Don’t misunderstand me: financial metrics have their place. I’ve built my career by creating accountability with measurable returns on digital investments. But I’ve also witnessed too many technically successful implementations fail to deliver sustainable value because they overlooked the human elements that ultimately determine whether digital transformation sticks or slips away.
Thinking through the APP cultural framework that I developed a few years ago, I began thinking about how that framework could apply to this scenario; the framwork could be a progressive approach that addresses the elements traditional ROI calculations often miss:
- A: Accountability
- P: Passion
- P: Purpose
When applied alongside traditional evaluation methods, this framework helps organizations create digital transformations that don’t just calculate well on spreadsheets but actually transform how people work in lasting ways, and ultimately how the organization services the customers they serve.
A: Accountability
What if we stopped treating accountability as something to enforce and started seeing it as the natural outcome of people committed to purpose they care about? Traditional accountability systems often rely heavily on external monitoring, consequence management, and performance metrics. These have their place, but they’re incomplete. They can create compliance, but not commitment.

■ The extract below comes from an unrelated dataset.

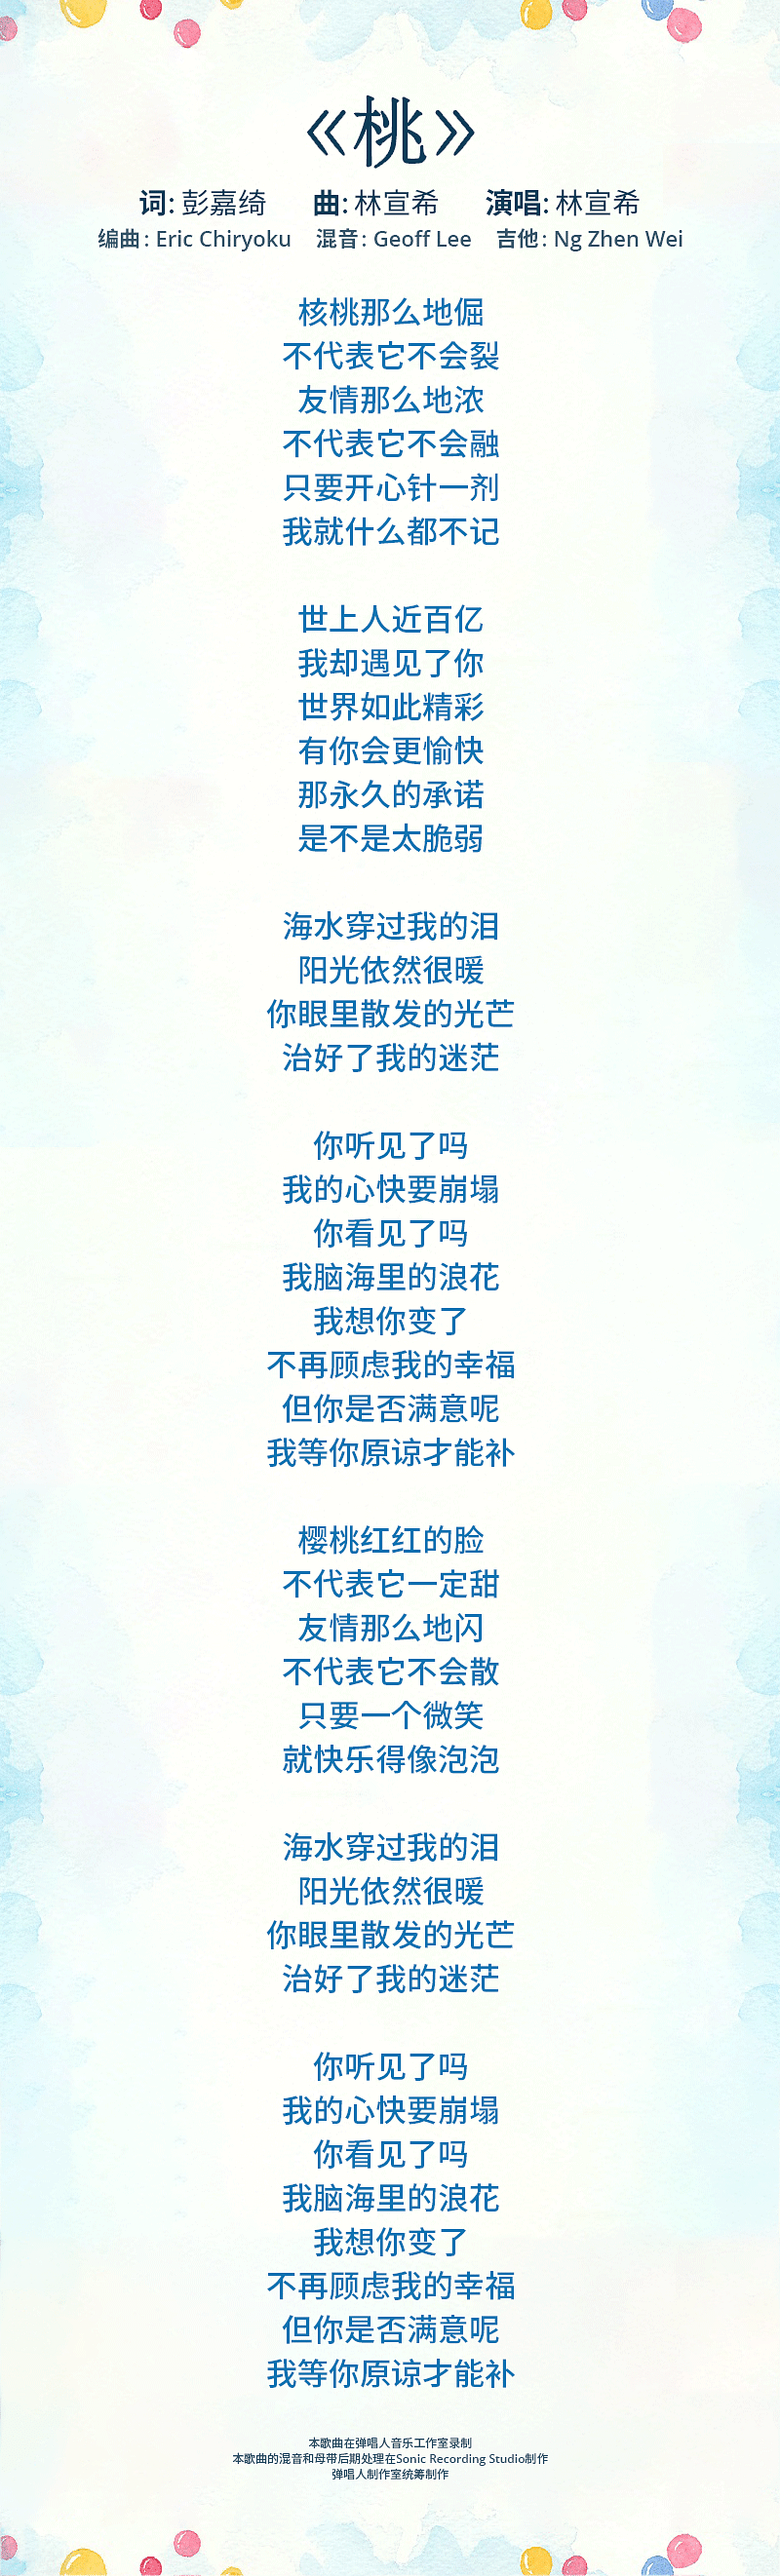 tao-lyrics-mobile.png

When purpose alignment generates genuine passion, accountability becomes progressive; it evolves from external enforcement to internal ownership. People hold themselves and each other accountable because they care about the outcomes, not because they fear consequences.
A financial services firm I worked with early in my career had struggled with adoption of their new client management system despite robust training programs and clear usage requirements. Checking the compliance boxes wasn’t translating to meaningful engagement.
The organization shifted the approach by connecting the system to the advisors’ deep commitment to their clients’ financial well-being. We created peer learning communities where advisors could share how they were using the system to better serve clients. We adjusted implementation timelines to allow for more experimentation and learning.
Most importantly, we changed how we measured success. Rather than tracking compliance metrics alone, we began highlighting client impact stories that resulted from effective system use. We personified the how the system was impacting our customers.
As advisors began seeing the system as a tool that helped them deliver on their purpose, rather than an administrative burden, accountability shifted. They began holding themselves to higher standards than any manager would have imposed, because now they saw the system as integral to serving their clients well.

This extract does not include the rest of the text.